Quelques modifications du télescope et de sa coupole sont apportées au cours des années, qui améliorent le confort des observateurs. Au début, la trappe de la coupole se maneuvre à la main; Baldet raconte qu’il fallut la fermer précipitamment un soir d’orage en 1909 : « plus de 530 tours de manivelle partagés avec M de la Baume, à raison de 100 tours chacun alternativement. » A partir de septembre 1926, la rotation de la coupole et la fermeture de la trappe se font grâce à des moteurs électriques. Au début des années 30, Bernard Lyot remplace le régulateur de Foucault du télescope par un moteur électrique de … phonographe!

Un tournant dans le vie du Pic

Camille Dauzère, nommé directeur en 1920, oriente résolument l’Observatoire vers la géophysique, en partie pour assurer la survie d’un établissement dont se désintéresse la communauté astronomique française. Mais plusieurs événements vont contribuer à ramener l’astronomie au premier plan des activités de l’Observatoire.

 

Lorsque Joseph Devaux, géophysicien au Pic du Midi, disparait tragiquement dans le naufrage du Pourquoi-Pas? en septembre 1936, c’est un astronome qui est nommé pour le remplacer. Henri Camichel a été stagiaire à l’Observatoire de Meudon pendant plusieurs années, c’est un utilisateur chevronné de la grande lunette de 83 cm de Meudon, et il est bien résolu à faire de l’astronomie au Pic du Midi. « Quand je suis arrivé au sommet en décembre 1936, Hubert Garrigue était le seul physicien à l’Observatoire depuis deux mois. Au premier repas, il me dit que je ne peux pas faire d’astronomie. « Allez voir la coupole, elle est remplie de neige et ne va pas tourner. » Je suis allé voir la coupole; elle était en effet pleine de neige, qu’il a d’abord fallu déblayer. La coupole se maneuvrait soit à la main avec un volant, soit par un moteur.
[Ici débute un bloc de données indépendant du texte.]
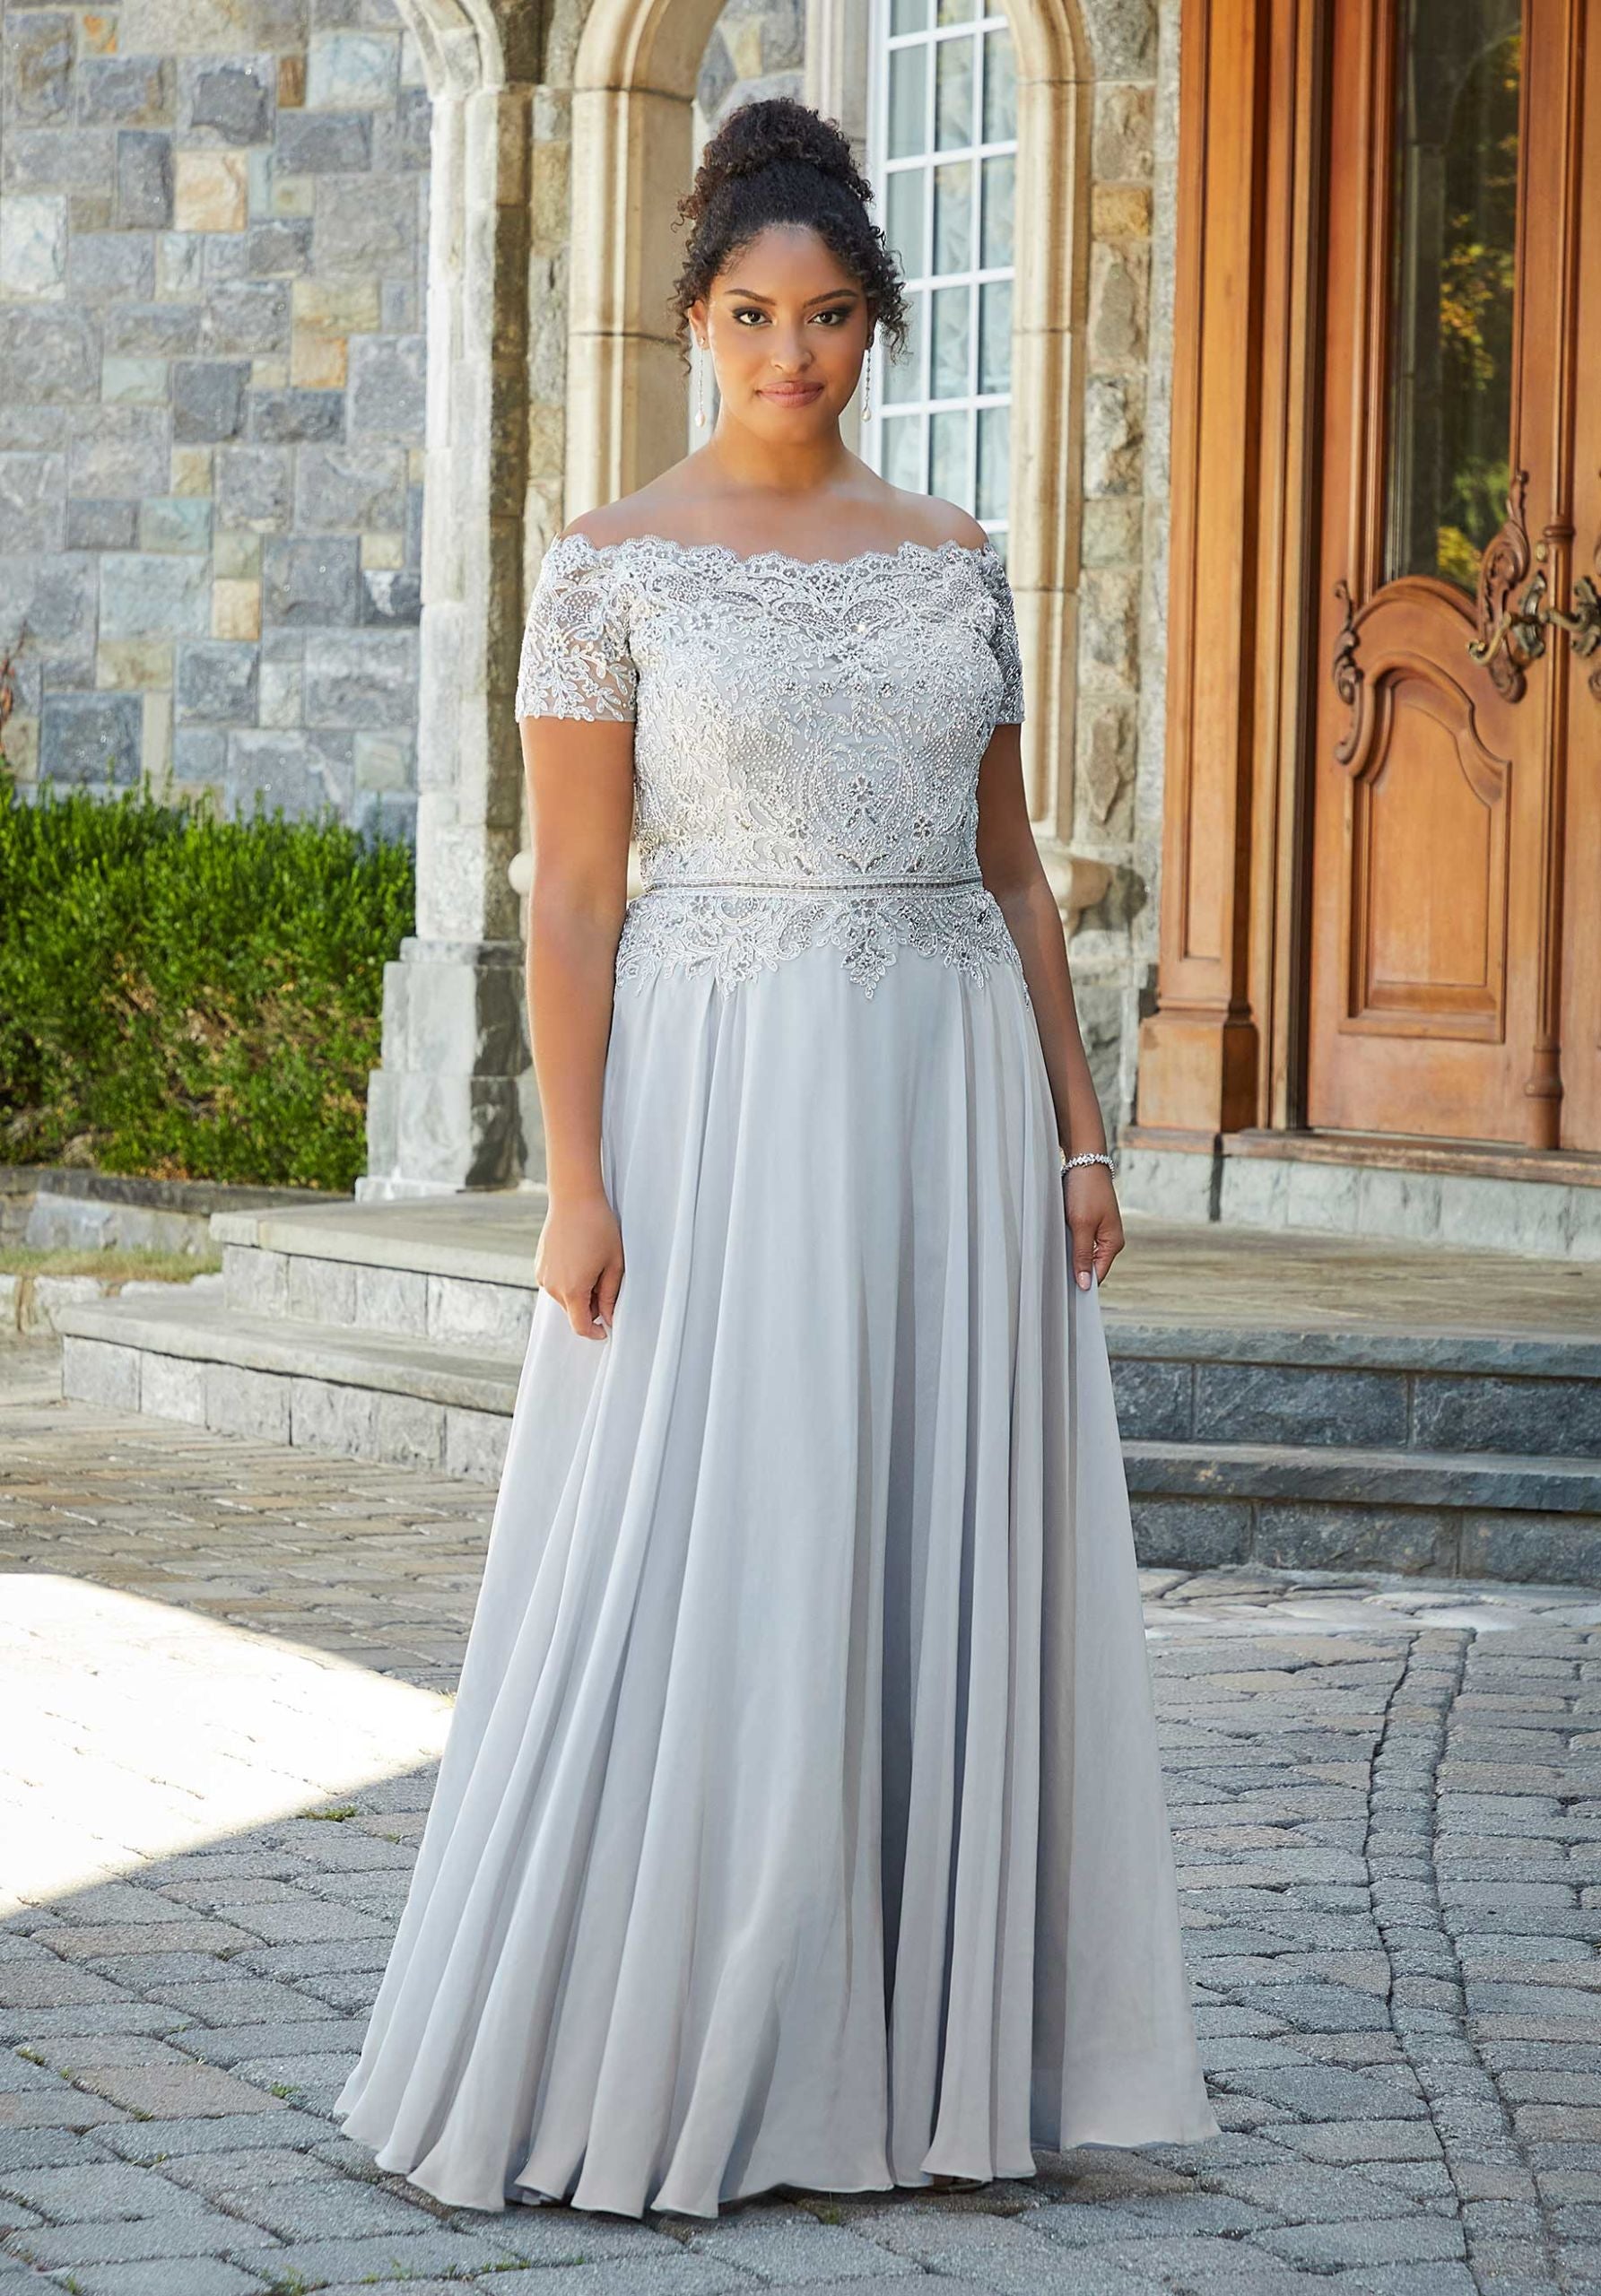 Plus Size Floor Length Formal Evening Gowns for Weddings - Ever

Fourcade [l’homme de service] s’est mis au volant, moi-même j’ai fait marcher le moteur, et la coupole a bien voulu tourner. »
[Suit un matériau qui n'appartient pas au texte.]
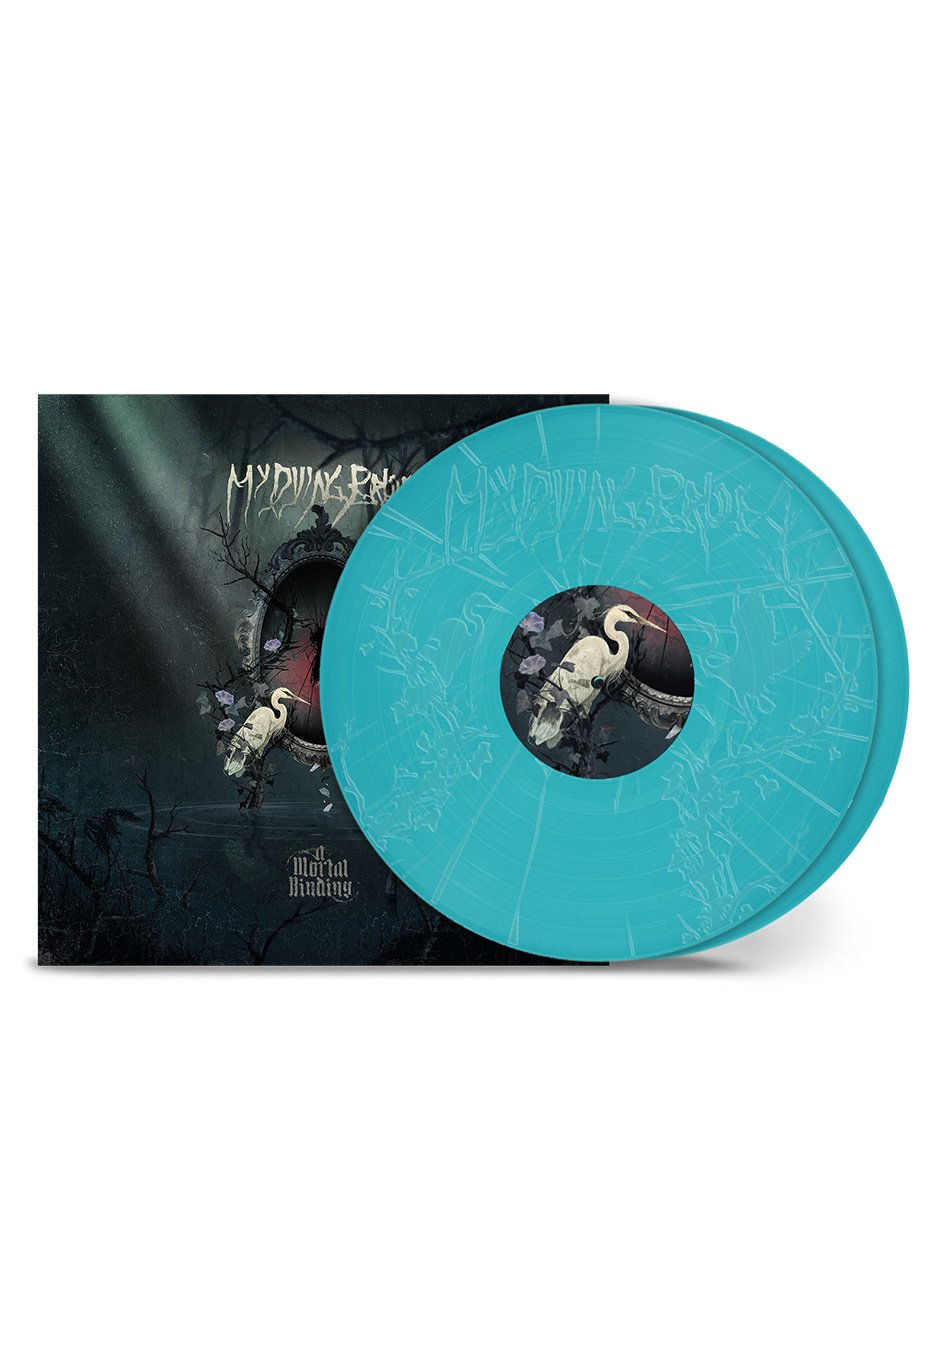 My Dying Bride - A Mortal Binding Green - Colored 2 Vinyl

L’été suivant, Camichel fait placer un système pour couper le vent qui passait sous la coupole et y apportait la neige : une lame solidaire de la coupole et plongeant dans une rigole circulaire posée sur le mur de la coupole. « En principe, la rigole devait être remplie de glycérine. Du mercure aurait été mieux, mais c’était trop cher. La glycérine, emportée par le vent, n’est pas restée, mais l’expérience a montré qu’elle n’était pas nécessaire; la chicane formée par la lame et la rigole suffisait pour couper le vent et la neige volante. »

Le deuxième événement est le départ à la retraite de Camille Dauzère en 1937. Les quelques jeunes scientifiques susceptibles de prendre la relève, Bernard Lyot, Daniel Chalonge et Alexandre Dauvillier, déclinent l’offre. Devant la menace du Ministère de fermer le Pic si aucun directeur n’est nommé, Jules Baillaud accepte à contre-coeur cette responsabilité. « en sacrifiant une part de mes travaux, je pourrais bien aller passer quelques jours à Bagnères tous les mois et y passer les trois mois d’été. » Deux ans plus tard éclate la guerre, puis c’est l’exode de 1940, et Jules Baillaud s’installe définitivement à Bagnères.
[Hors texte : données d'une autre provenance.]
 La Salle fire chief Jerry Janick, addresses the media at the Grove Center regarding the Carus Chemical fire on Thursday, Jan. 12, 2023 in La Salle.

Les observations de Mars au Pic

Le télescope Baillaud est utilisé avec succès par Bernard Lyot, Henri Camichel et Marcel Gentili pour observer l’opposition de la planète Mars de 1939; malgré les mauvaises conditions de cette opposition, très basse sur l’horizon, les images sont remarquables. Jules Baillaud est désormais convaincu qu’il faut organiser au Pic l’observation systématique des surfaces planétaires, et, malgré la guerre, il poursuit activement un ambitieux projet de rénovation de l’instrumentation au Pic du Midi démarré en 1936. En parallèle avec l’étude de deux nouveaux télescopes, il entreprend la rénovation du télescope Baillaud, et veut remplacer le miroir de 50cm par un grand objectif à lentilles.

 

Le premier grand objectif auquel il pense est celui de René Jarry-Desloges, un astronome amateur qui s’est construit un Observatoire à Sétif, en Algérie. Son objectif de 50cm reste inutilisé à Paris, mais il est hostile à l’idée de le prêter, à cause de de sa grande valeur, et parce que c’est un objectif visuel, donc mal adapté à la photographie. (Il se trompe, il suffit d’utiliser des plaques panchromatiques). Par ailleurs, il n’est pas favorable aux observatoires de montagne, car les essais qu’il a faits au Revard (en Savoie) lui ont donnés de très mauvais résultats.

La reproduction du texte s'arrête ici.